Finally got to fixing the formatting in the initial comment - sorry for the delay

Peter

Comment by Prakash Surya (Inactive) [ 26/Jul/11 ]

Thanks Peter!

Comment by Peter Jones [ 27/Jul/11 ]

Lai

Could you please dig into this one further? Liang is available to help if need be.

Thanks

Peter

Comment by Lai Siyao [ 02/Aug/11 ]

Liang,

Could you give me a hint which part of OFA source code should I look into to verify TX may be finalized twice? HCA driver (eg. mthca) or core? Thanks!

Comment by Peter Jones [ 08/Aug/11 ]

Liang

Ah, I see that you were not added as a watcher to this ticket so you missed this question

"Liang,

Could you give me a hint which part of OFA source code should I look into to verify TX may be finalized twice? HCA driver (eg. mthca) or core? Thanks!"

Comment by Liang Zhen (Inactive) [ 08/Aug/11 ]

Lai, I think it's mthca because we got this error message:
ib_mthca 0000:07:00.0: SQ 000413 full (292641 head, 292873 tail, 4096 max, 0 nreq)
we probably need to look into post_send implementation in drivers/infiniband/hw/mthca/mthca_qp.c

we can see the LASSERT give us information like this:
(o2iblnd_cb.c:980:kiblnd_tx_complete()) ASSERTION(tx->tx_sending > 0)
failed: TX: ffffc200003da540, type: IMMEDIATE, magic: deadbeef, sending: 0,
waiting: 0, queued: 0, cookie: 9361598, comps: 1, status: 0

these information are outputted by this patch
https://bugzilla.lustre.org/attachment.cgi?id=31074

magic number is 0xdeadbeef and completion couter is 1, which means the TX has already been finalized.
I suspect kiblnd_post_tx_locked()->ib_post_send() failed for some reason so the TX should be finalized in kiblnd_post_tx_locked() and we shouldn't see any completion
event for this TX anymore, but for some unknown reason we did see an unexpected event and call kiblnd_tx_complete() for the same TX again.
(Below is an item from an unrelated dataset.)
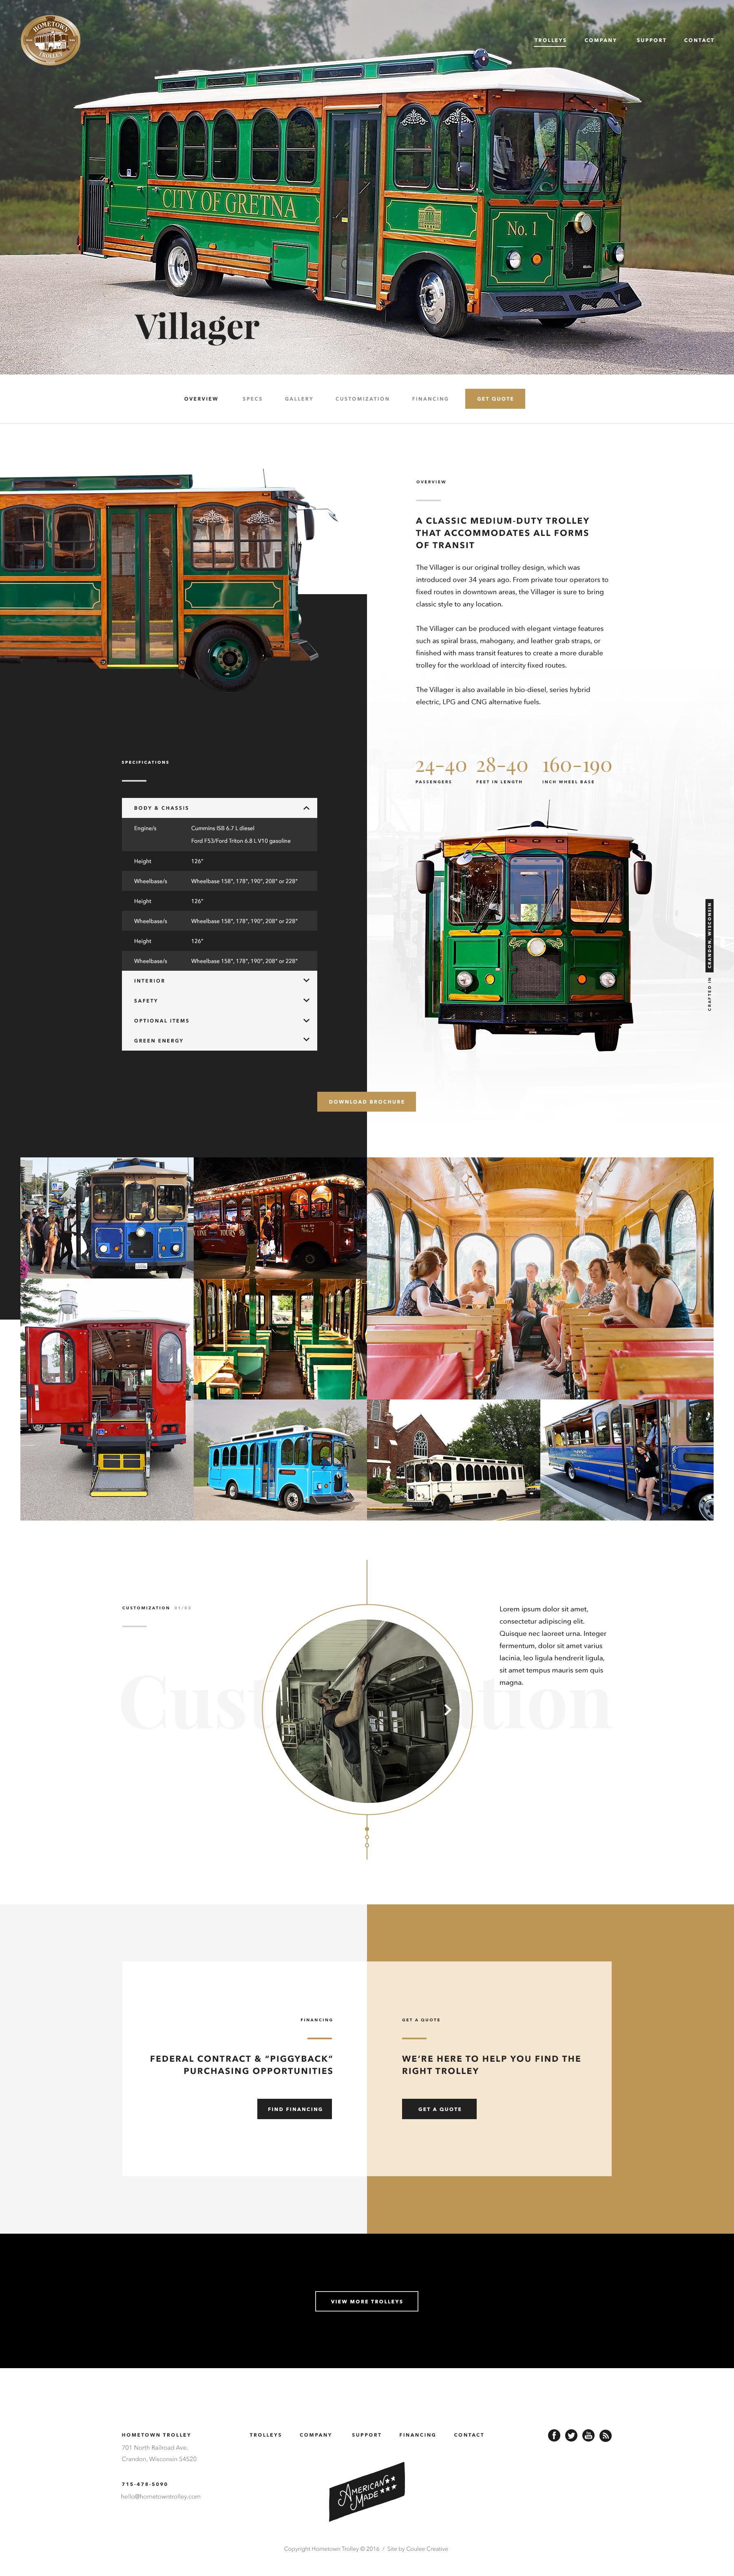 Villager trolley

Comment by Lai Siyao [ 05/Dec/11 ]

The ib_mthca SQ full looks similar to the problem of http://linux.derkeiler.com/Mailing-Lists/Kernel/2006-11/msg00108.html , Prakash, could you check the patch is included in your kernel?

Liang, the ASSERTED tx->tx_comps: 1 means the completion has been handled already, and this is the second time it's called. Therefor, I'm not sure this tx is finalized in kiblnd_post_tx_locked() or in kiblnd_tx_complete().

I made a debug patch to print address of failed tx in kiblnd_post_tx_locked(), Prakash, could you merge this patch (along with Liang's) and reproduce this issue?

Comment by Lai Siyao [ 05/Dec/11 ]

print address of failed tx in kiblnd_post_tx_locked().

Comment by Prakash Surya (Inactive) [ 19/Jan/12 ]

We recently hit this again. Here's the report from our admin:

fyi: it seems to have happened again on atlas825 at a newer version of lustre
lustre-modules-1.8.5.0-6chaos_2.6.18_108chaos.ch4.4
lustre-1.8.5.0-6chaos_2.6.18_108chaos.ch4.4
lustre-tools-llnl-1.3-1.ch4.4
No infiniband errors reported for that node at that time.
I'll leave it for a couple of days, but it appears hung

<ConMan> Console [atlas825] log at 2012-01-19 13:00:00 PST.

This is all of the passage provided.